2012年7月1日日曜日

メキシコみたび

メキシコへバイクを預け、一旦アメリカへ渡り、そしてなぜか日本へ一時帰国することにした僕。旅を再開させるために雪の日本を飛び出すと、まずは真っ青な空が広がるカリフォルニアの空の下に降り立つのだった。


成田からロサンゼルス経由でメキシコ・シティーへと飛ぶ航空券だった。というよりも、ロサンゼルス~成田間の往復航空券を買って日本に一時帰国したため、新たにロサンゼルス~メキシコ・シティーの航空券を買い足した形だ。乗り継ぎが悪く、ロサンゼルスで11時間の待ち時間があったものの、なんとか朝の5時過ぎにメキシコのベニートフアレス国際空港に降り立った。ぼんやりと明け始めた空を見上げながらメキシコ独特のすえた匂い胸いっぱいに吸い込むと、またここまで帰ってきたことを実感する。

メトロを乗り継ぎ7時半にアミーゴに到着した。もはや3度目のメキシコ・シティーでは、空港から宿までの道中に地図を出すことさえ必要としない。宿に着くとそこには知った顔が7人もいた。宿に半ば住み着いている人も居れば、旅の途中で会った知り合いにも再会した。その偶然が旅を楽しくする。

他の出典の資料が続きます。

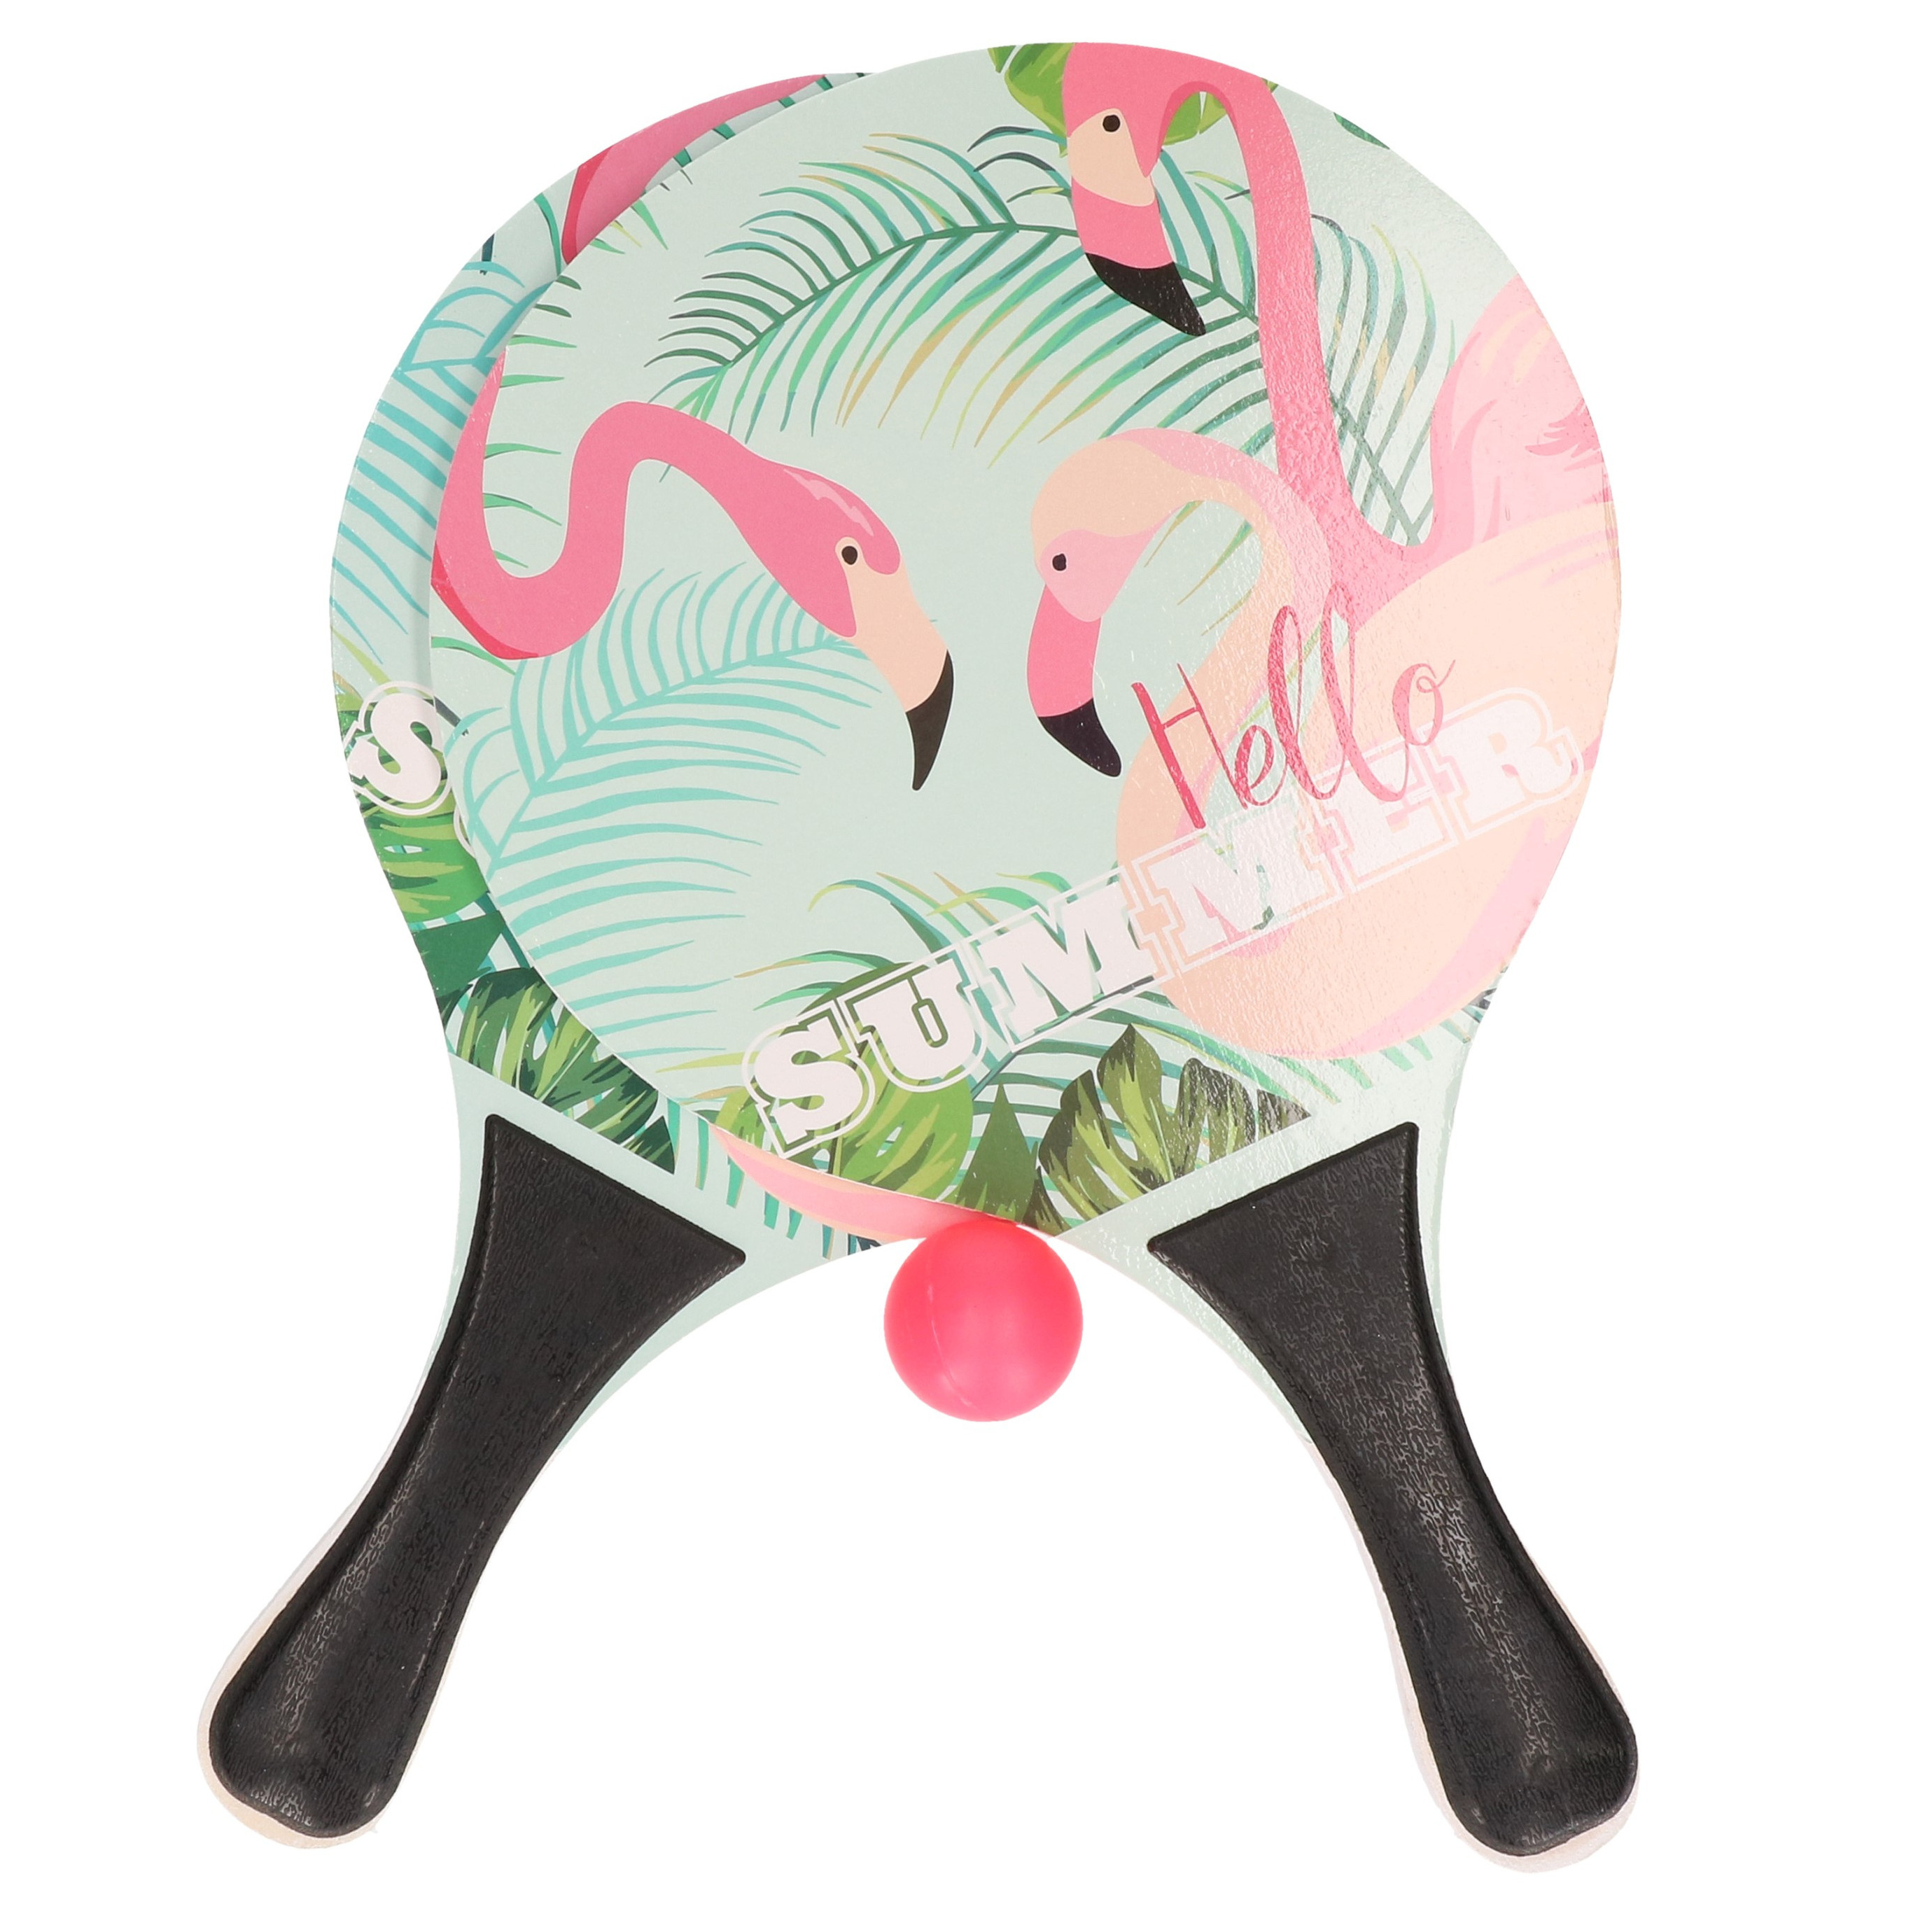 Actief speelgoed tennis-beachball setje zwart met flamingomotief

部屋に荷物を入れ、ベッドに身を投げ出す。もうこれ以上移動しなくていいという安堵感に包まれると、ほとんど眠ることが出来なかった疲れのせいか、フワフワとした感覚に陥った。10時ごろ横になったと思ったのに、気が付いたら17時近かった。すでに空は夕暮れ色で、いちにちがゆっくり終わろうとしていた。
完全に時差ボケだった。おかげで夜はまったく寝付けず、だけどアミーゴにはそんな僕を快く迎えてくれる夜更かし組みがいて、そんな彼らと結局朝方まで起きていた。

昼夜が完全に逆転した生活はしばらく続いた。さらに悪いことに麻雀に手を出してしまった。毎夜、図書室と称した麻雀部屋で繰り広げられる熱戦を横目に楽しんでいただけだったのだが、面子はひとりでも多い方が良いからと執拗な誘いに折れて参戦したのがきっかけだった。麻雀は高校生くらいのときに遊んだくらいであまり良く知らなかったのだけど、下手ながら皆で遊ぶのは楽しかった。中南北というアメリカ大陸限定の旅人ルール(中南北を刻子で揃えると役満)があることも初めて知った。毎日日付が変わる頃に卓を囲み、朝になって健康的な宿泊客が起き出す頃にベッドに入った。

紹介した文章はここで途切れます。